TASK DETAILS
Copy out every line of the records where the string "Luxury" occurs.

(Dataset records)
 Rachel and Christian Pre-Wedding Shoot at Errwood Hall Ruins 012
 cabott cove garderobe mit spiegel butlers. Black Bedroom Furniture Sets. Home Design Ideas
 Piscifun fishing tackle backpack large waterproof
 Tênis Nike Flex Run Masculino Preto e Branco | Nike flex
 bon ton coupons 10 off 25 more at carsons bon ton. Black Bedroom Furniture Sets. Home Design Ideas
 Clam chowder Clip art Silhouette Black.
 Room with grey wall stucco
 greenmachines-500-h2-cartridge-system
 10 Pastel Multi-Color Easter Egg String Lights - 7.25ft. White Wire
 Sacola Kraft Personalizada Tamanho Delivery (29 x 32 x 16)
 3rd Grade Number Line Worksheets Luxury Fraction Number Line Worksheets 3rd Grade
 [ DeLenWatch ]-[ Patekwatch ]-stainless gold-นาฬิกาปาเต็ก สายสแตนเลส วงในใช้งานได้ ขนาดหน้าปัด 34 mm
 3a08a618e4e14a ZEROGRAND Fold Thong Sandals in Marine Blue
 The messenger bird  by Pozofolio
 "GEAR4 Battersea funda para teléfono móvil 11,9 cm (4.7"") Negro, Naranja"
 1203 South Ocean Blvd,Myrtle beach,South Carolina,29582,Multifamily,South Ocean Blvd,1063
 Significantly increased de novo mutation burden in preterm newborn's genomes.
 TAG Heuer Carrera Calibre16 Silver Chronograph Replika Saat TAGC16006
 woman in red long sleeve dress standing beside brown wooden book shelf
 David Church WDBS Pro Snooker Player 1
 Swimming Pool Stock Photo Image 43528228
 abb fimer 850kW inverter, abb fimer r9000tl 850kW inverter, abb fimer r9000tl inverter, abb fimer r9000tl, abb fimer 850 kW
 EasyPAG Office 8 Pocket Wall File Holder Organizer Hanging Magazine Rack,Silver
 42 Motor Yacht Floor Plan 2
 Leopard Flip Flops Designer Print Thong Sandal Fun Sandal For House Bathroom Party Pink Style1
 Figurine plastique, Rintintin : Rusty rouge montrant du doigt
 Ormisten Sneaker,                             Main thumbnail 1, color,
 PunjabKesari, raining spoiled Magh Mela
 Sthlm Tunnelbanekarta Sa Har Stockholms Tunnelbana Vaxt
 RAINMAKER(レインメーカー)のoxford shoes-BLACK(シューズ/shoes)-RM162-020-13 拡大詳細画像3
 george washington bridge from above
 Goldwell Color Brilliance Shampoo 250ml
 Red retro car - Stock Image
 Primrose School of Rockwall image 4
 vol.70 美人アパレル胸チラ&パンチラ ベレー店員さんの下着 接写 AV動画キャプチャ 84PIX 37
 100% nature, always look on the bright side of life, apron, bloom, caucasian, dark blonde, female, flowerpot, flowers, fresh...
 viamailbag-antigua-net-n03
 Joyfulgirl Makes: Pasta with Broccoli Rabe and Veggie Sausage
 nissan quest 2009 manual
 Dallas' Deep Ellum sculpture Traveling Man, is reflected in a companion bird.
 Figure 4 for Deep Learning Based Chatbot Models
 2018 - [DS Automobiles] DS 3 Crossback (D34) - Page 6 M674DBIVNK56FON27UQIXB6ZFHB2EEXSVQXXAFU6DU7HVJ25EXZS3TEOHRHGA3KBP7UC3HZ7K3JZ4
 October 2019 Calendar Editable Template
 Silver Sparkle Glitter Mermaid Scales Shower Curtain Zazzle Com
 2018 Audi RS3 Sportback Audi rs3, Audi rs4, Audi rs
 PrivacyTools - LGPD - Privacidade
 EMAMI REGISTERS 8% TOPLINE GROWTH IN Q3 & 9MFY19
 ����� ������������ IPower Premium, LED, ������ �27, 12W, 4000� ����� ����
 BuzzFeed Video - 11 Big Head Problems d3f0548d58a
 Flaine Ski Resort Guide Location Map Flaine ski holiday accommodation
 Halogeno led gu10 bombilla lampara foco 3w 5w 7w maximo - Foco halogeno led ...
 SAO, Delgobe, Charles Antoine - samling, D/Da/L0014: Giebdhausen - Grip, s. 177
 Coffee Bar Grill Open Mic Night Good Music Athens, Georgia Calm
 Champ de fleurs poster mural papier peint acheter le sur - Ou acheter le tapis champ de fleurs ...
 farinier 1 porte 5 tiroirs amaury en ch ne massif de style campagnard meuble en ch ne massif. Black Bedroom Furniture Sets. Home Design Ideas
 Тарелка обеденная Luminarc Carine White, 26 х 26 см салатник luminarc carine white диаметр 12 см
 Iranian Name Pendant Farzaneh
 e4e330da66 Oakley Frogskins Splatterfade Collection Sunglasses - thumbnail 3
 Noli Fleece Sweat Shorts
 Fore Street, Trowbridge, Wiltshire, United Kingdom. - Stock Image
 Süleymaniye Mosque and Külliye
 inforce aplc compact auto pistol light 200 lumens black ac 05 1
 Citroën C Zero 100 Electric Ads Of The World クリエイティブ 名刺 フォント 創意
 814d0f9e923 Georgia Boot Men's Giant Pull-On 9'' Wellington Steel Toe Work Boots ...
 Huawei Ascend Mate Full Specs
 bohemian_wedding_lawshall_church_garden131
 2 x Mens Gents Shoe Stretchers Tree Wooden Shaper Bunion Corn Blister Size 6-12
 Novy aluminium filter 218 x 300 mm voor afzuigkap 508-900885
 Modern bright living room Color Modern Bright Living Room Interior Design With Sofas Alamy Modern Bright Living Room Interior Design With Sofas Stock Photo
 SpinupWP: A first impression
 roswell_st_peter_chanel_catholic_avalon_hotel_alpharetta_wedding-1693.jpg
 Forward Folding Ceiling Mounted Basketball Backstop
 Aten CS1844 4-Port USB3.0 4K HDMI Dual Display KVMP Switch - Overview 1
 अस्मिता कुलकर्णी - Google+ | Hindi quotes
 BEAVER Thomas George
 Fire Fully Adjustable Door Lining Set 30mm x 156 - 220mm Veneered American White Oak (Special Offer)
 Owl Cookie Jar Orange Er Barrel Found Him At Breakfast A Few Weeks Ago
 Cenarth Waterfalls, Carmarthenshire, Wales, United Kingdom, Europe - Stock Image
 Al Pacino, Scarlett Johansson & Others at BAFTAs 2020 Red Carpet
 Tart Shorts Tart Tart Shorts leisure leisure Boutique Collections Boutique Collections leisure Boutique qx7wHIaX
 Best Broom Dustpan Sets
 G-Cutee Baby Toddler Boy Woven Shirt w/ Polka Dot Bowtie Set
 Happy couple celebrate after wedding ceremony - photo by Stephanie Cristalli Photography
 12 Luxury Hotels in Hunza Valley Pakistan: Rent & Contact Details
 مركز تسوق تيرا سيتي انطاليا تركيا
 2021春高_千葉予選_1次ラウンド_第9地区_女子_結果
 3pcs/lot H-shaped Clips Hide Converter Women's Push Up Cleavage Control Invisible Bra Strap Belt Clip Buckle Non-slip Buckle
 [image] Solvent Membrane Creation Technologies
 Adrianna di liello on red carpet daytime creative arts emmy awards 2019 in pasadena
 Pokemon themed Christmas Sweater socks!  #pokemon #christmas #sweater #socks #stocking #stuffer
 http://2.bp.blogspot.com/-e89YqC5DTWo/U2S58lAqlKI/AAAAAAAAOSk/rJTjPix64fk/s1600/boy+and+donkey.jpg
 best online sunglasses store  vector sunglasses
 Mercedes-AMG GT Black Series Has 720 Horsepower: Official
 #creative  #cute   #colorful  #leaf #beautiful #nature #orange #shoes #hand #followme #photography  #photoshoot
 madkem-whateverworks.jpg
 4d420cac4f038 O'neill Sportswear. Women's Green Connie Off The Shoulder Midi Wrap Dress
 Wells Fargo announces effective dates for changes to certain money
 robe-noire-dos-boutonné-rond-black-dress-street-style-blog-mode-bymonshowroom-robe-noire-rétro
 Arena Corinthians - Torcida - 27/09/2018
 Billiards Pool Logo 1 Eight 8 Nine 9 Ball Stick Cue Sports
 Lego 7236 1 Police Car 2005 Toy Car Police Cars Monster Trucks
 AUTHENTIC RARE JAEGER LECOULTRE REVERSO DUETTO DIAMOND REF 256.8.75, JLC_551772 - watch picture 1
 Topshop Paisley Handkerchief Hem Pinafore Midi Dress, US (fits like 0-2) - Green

ANSWER AREA
 3rd Grade Number Line Worksheets Luxury Fraction Number Line Worksheets 3rd Grade
 12 Luxury Hotels in Hunza Valley Pakistan: Rent & Contact Details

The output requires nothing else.